Apparently similar code generates different results when it is abstracted in a for-loop.
This is header code common to both alternatives:
library(ggplot2)
library(gridExtra)
# factor common plot format elements
o2b <- colorRampPalette(c("brown", "orange"))(4)
textsize=8
pt <- theme(panel.grid.major=element_blank(), panel.grid.minor=element_blank(),
panel.background=element_blank(), panel.border=element_blank(),
plot.title=element_blank(), plot.margin = unit(c(5.5,12,5.5,5.5), "pt"),
legend.background=element_blank(), legend.key=element_blank(), legend.position=c(1,1),
legend.justification=c(1,1), legend.text=element_text(size=textsize), legend.title=element_text(size=textsize),
axis.line=element_line(colour="black"), axis.text=element_text(size=textsize, colour="black"),
axis.title=element_text(size=textsize))
1) This is the code without a for-loop:
# fill list of plots of 4 scatterplot rank-size distributions
p <- list()
# each plot differs by setting x values for all scatterplots to the value of x in one of the scatterplots, by turn
p[[1]] <-ggplot(temp1, aes(x=rep(rank[naics_level==2], 4), y=rhh, colour=factor(naics_level))) + pt +
geom_point(shape=1, size=1) + scale_color_manual(values=o2b) +
guides(colour = guide_legend(title="Niveau de NAICS", title.position = "left", reverse=T)) +
labs(x="Rang des MSA", y="Diversité sectorielle basée sur l'emploi en 2015")

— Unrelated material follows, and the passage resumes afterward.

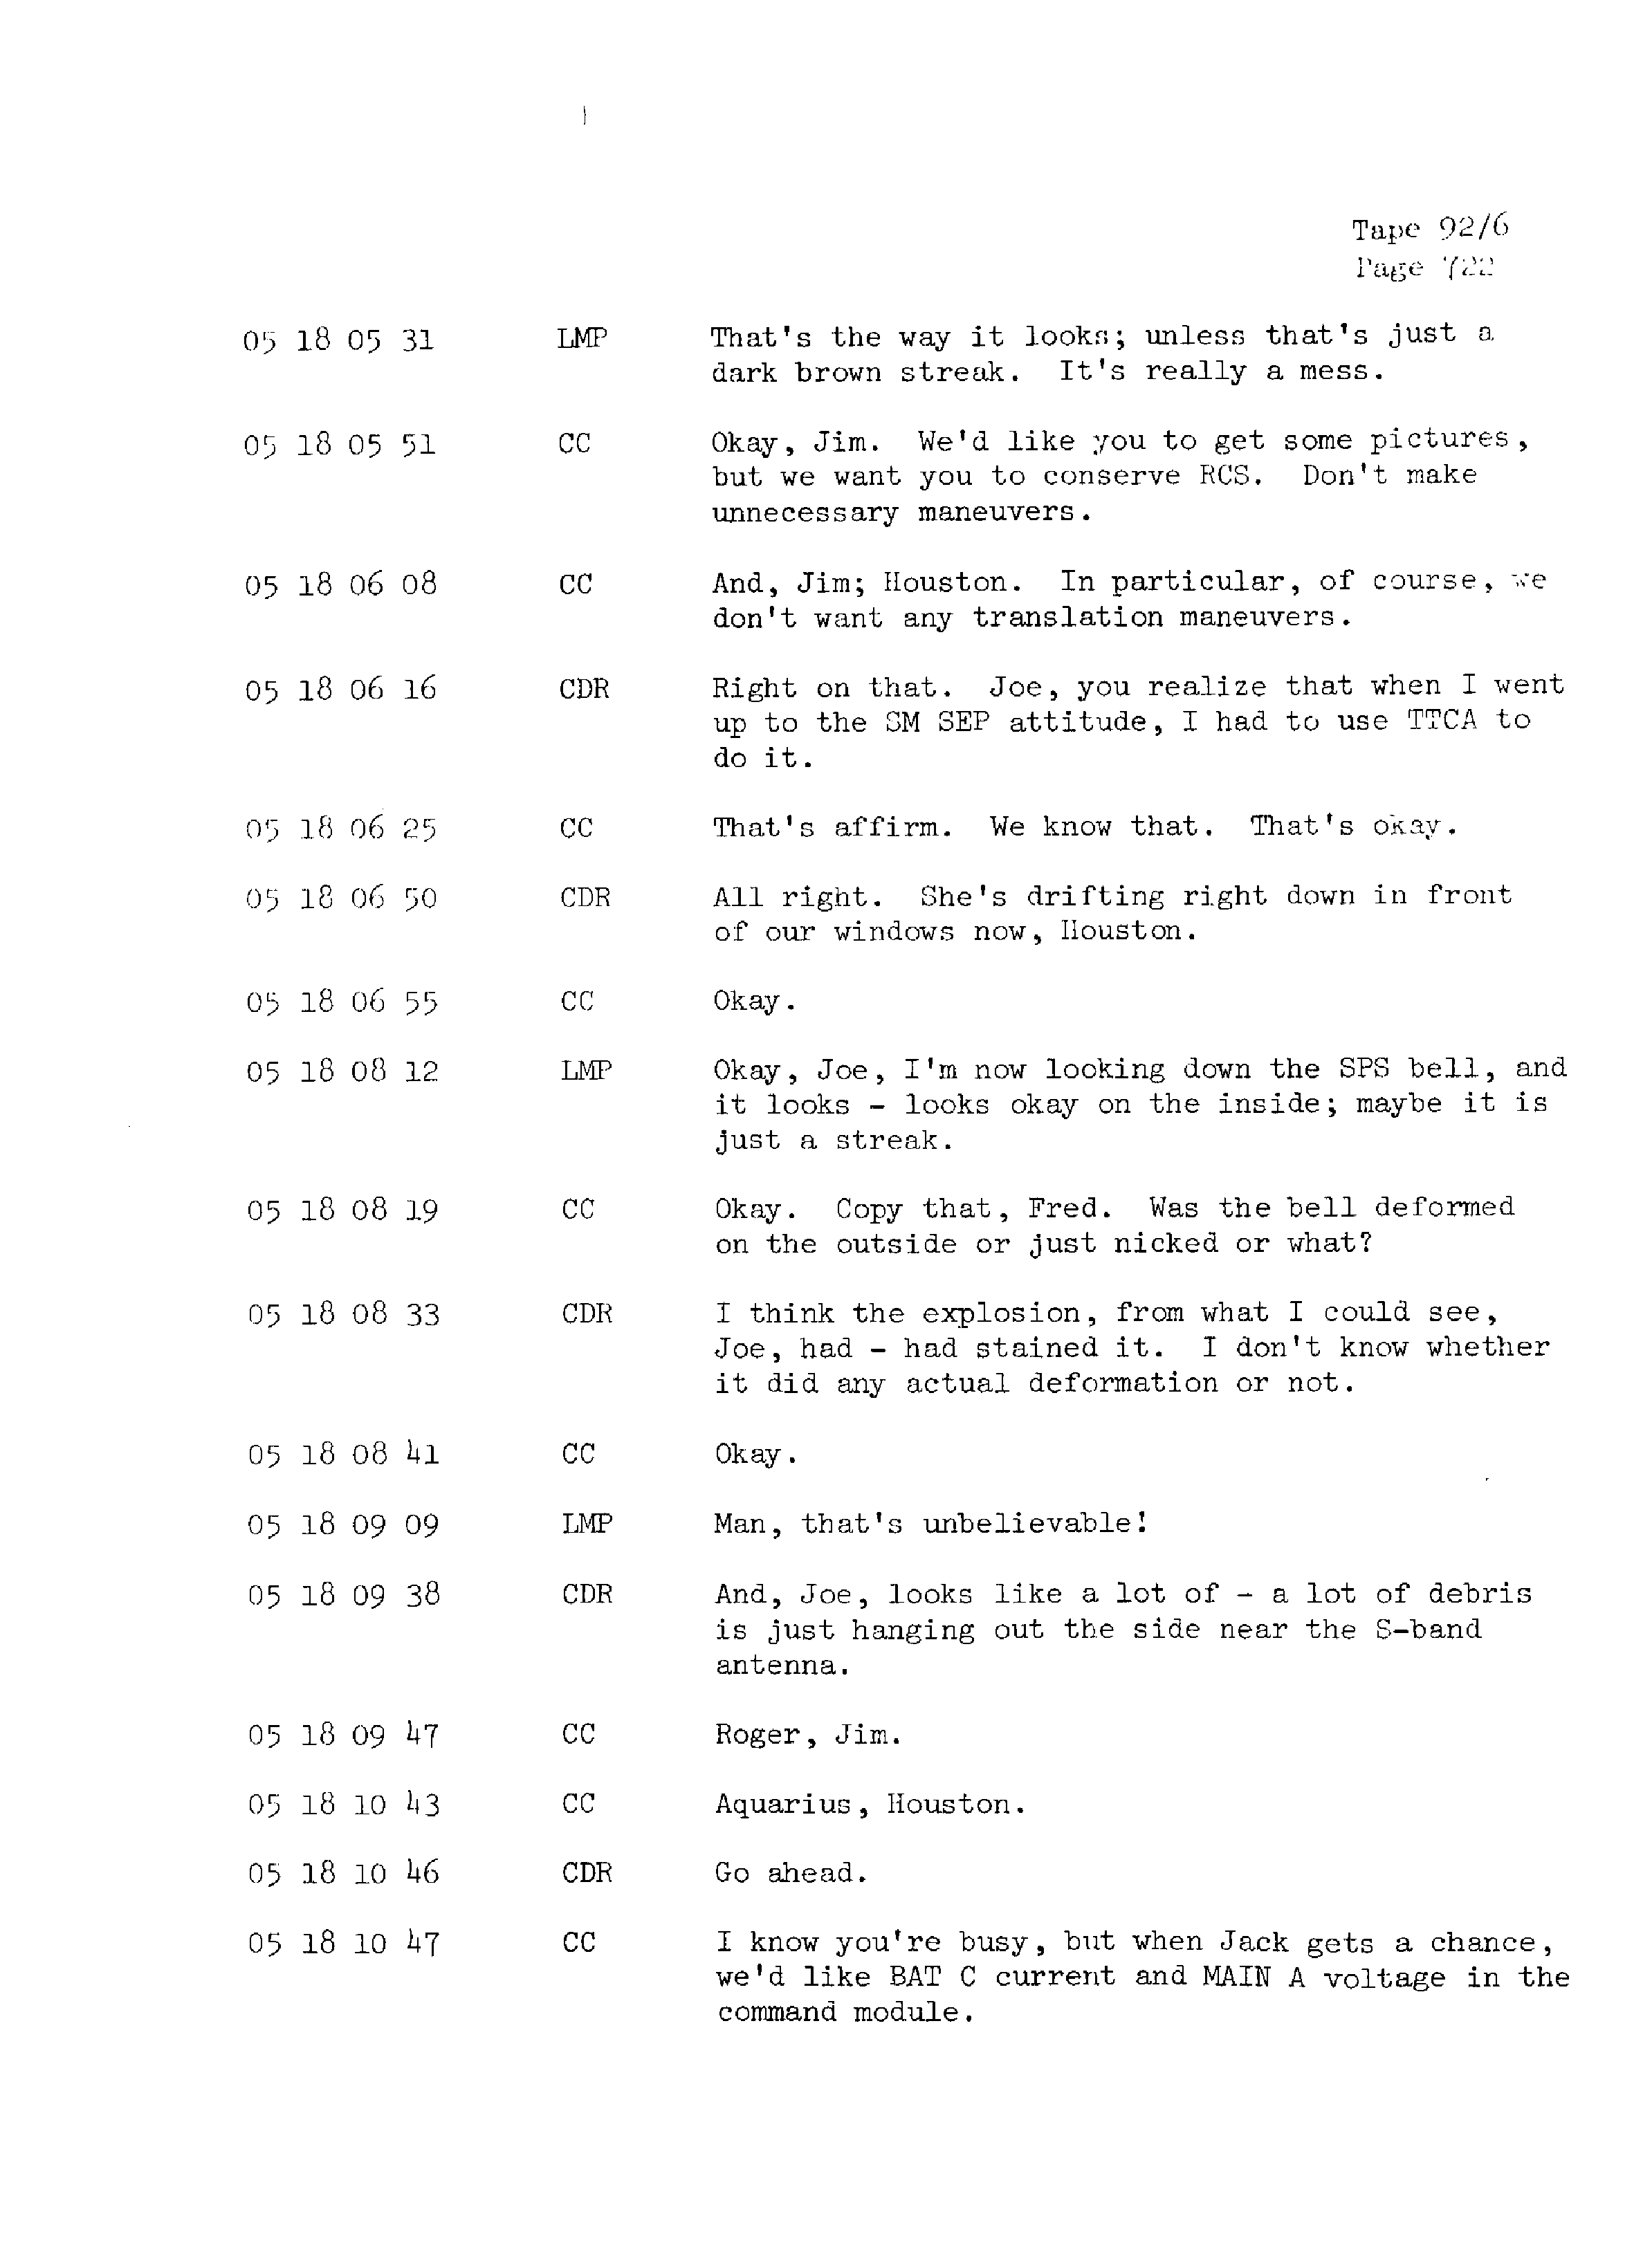 Page 729 of Apollo 13’s original transcript

p[[2]] <-ggplot(temp1, aes(x=rep(rank[naics_level==3], 4), y=rhh, colour=factor(naics_level))) + pt +
geom_point(shape=1, size=1) + scale_color_manual(values=o2b) +
guides(colour = guide_legend(title="Niveau de NAICS", title.position = "left", reverse=T)) +
labs(x="Rang des MSA", y="Diversité sectorielle basée sur l'emploi en 2015")
p[[3]] <-ggplot(temp1, aes(x=rep(rank[naics_level==4], 4), y=rhh, colour=factor(naics_level))) + pt +
geom_point(shape=1, size=1) + scale_color_manual(values=o2b) +
guides(colour = guide_legend(title="Niveau de NAICS", title.position = "left", reverse=T)) +
labs(x="Rang des MSA", y="Diversité sectorielle basée sur l'emploi en 2015")
p[[4]] <-ggplot(temp1, aes(x=rep(rank[naics_level==5], 4), y=rhh, colour=factor(naics_level))) + pt +
geom_point(shape=1, size=1) + scale_color_manual(values=o2b) +
guides(colour = guide_legend(title="Niveau de NAICS", title.position = "left", reverse=T)) +
labs(x="Rang des MSA", y="Diversité sectorielle basée sur l'emploi en 2015")
library(gridExtra)
grid.arrange(grobs=p, nrow=2)
which results in:
2) This is the same code in a for-loop:
p <- list()
for (n in 1:4) {
p[[n]] <- ggplot(temp1, aes(x=rep(rank[naics_level==n+1], 4), y=rhh, colour=factor(naics_level))) + pt +
geom_point(shape=1, size=1) + scale_color_manual(values=o2b) +
guides(colour = guide_legend(title="Niveau de NAICS", title.position = "left", reverse=T)) +
labs(x="Rang des MSA", y="Diversité sectorielle basée sur l'emploi en 2015")
}
grid.arrange(grobs=p, nrow=2)
which results in:
This time, all plots are duplicates of the 4th plot obtained by the first method. Where am I going wrong?